Pieter van der Westhuizen, (born 24 December 1937) was a South African Army officer who served as the Chief of Staff Intelligence from 1978–1985 and later Secretary of the State Security Council.

== Military career==

He joined the South African Army as a Lieutenant in 1959. He joined the artillery, and would later serve as a Troop Commander at 11 Field Battery, 1 Special Service Battalion. He changed mustering to the infantry and served as Company Commander at 2 South African Infantry Battalion Group. In 1964, he was appointed to the Infantry School as an officer instructor. By 1968, he was appointed as a staff officer at the Directorate of Military Intelligence. He completed the French Command & Staff Course in the sixties and was appointed the Commandant Army College in 1974.

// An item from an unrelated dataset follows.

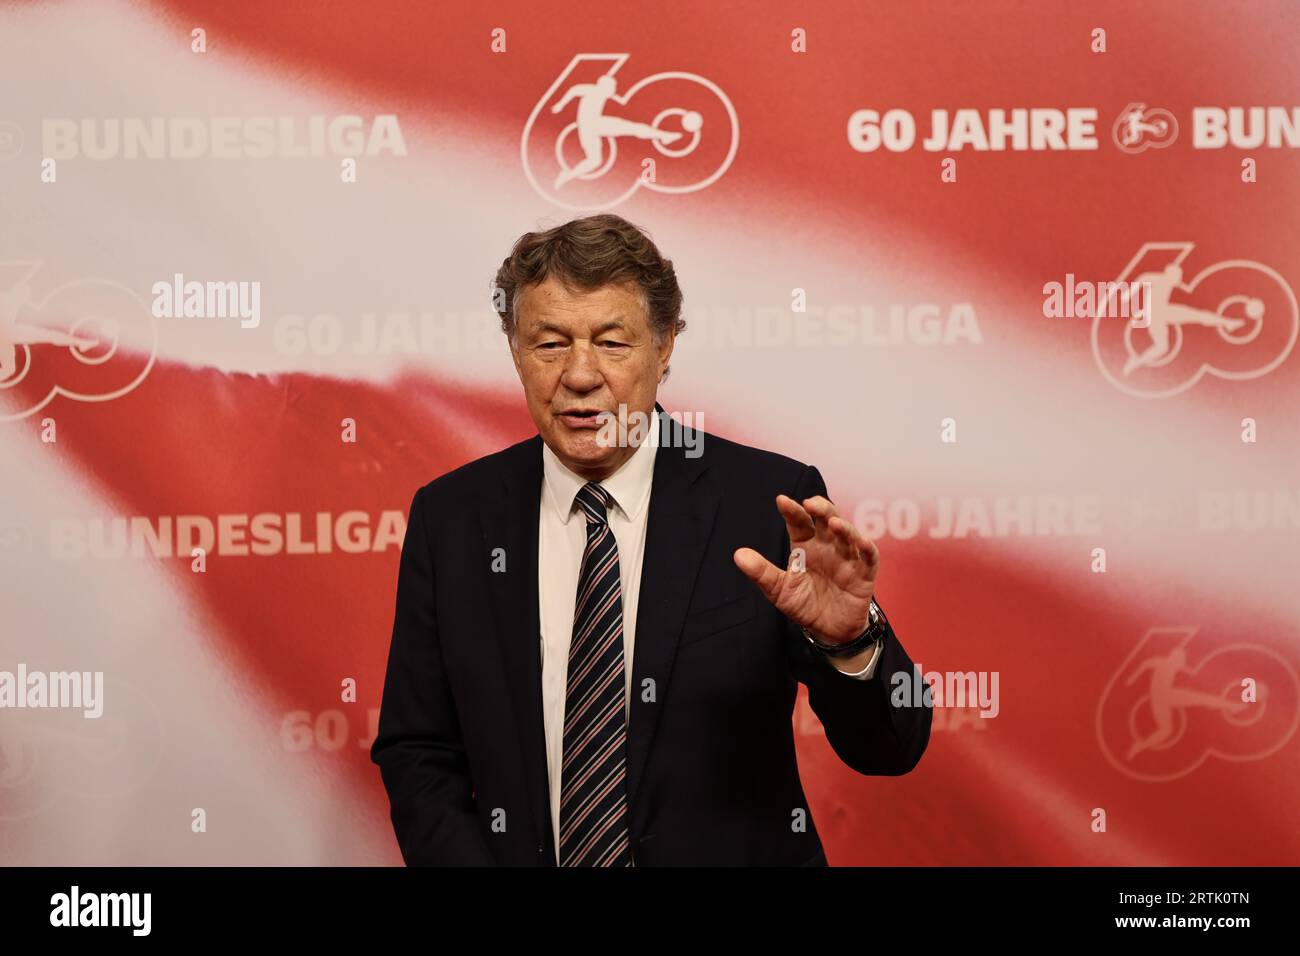 Berlino, Germania, 13 settembre 2023, il Master trainer otto Rehhagel partecipa al gala "60 anni della Bundesliga" al Tempodrom. Sven Sstruck/Alamy Live News Foto Stock

Commandant South African Army College in 1973 until 1975. He commanded Northern Transvaal Command from 1975–1976 before becoming a Director of Collection at Chief of Military Intelligence in 1976. He was appointed Chief of Staff Intelligence in June 1978. He held that position until 1985 before becoming the Secretary of the State Security Council until 1988. He was appointed as the Ambassador to Chile returned to South Africa in Dec 1991 and served on the staff of the Chief of the Defence Force until 31 March 1992 when he retired. He went back to Chile where he ventured on business and stayed there until 2021.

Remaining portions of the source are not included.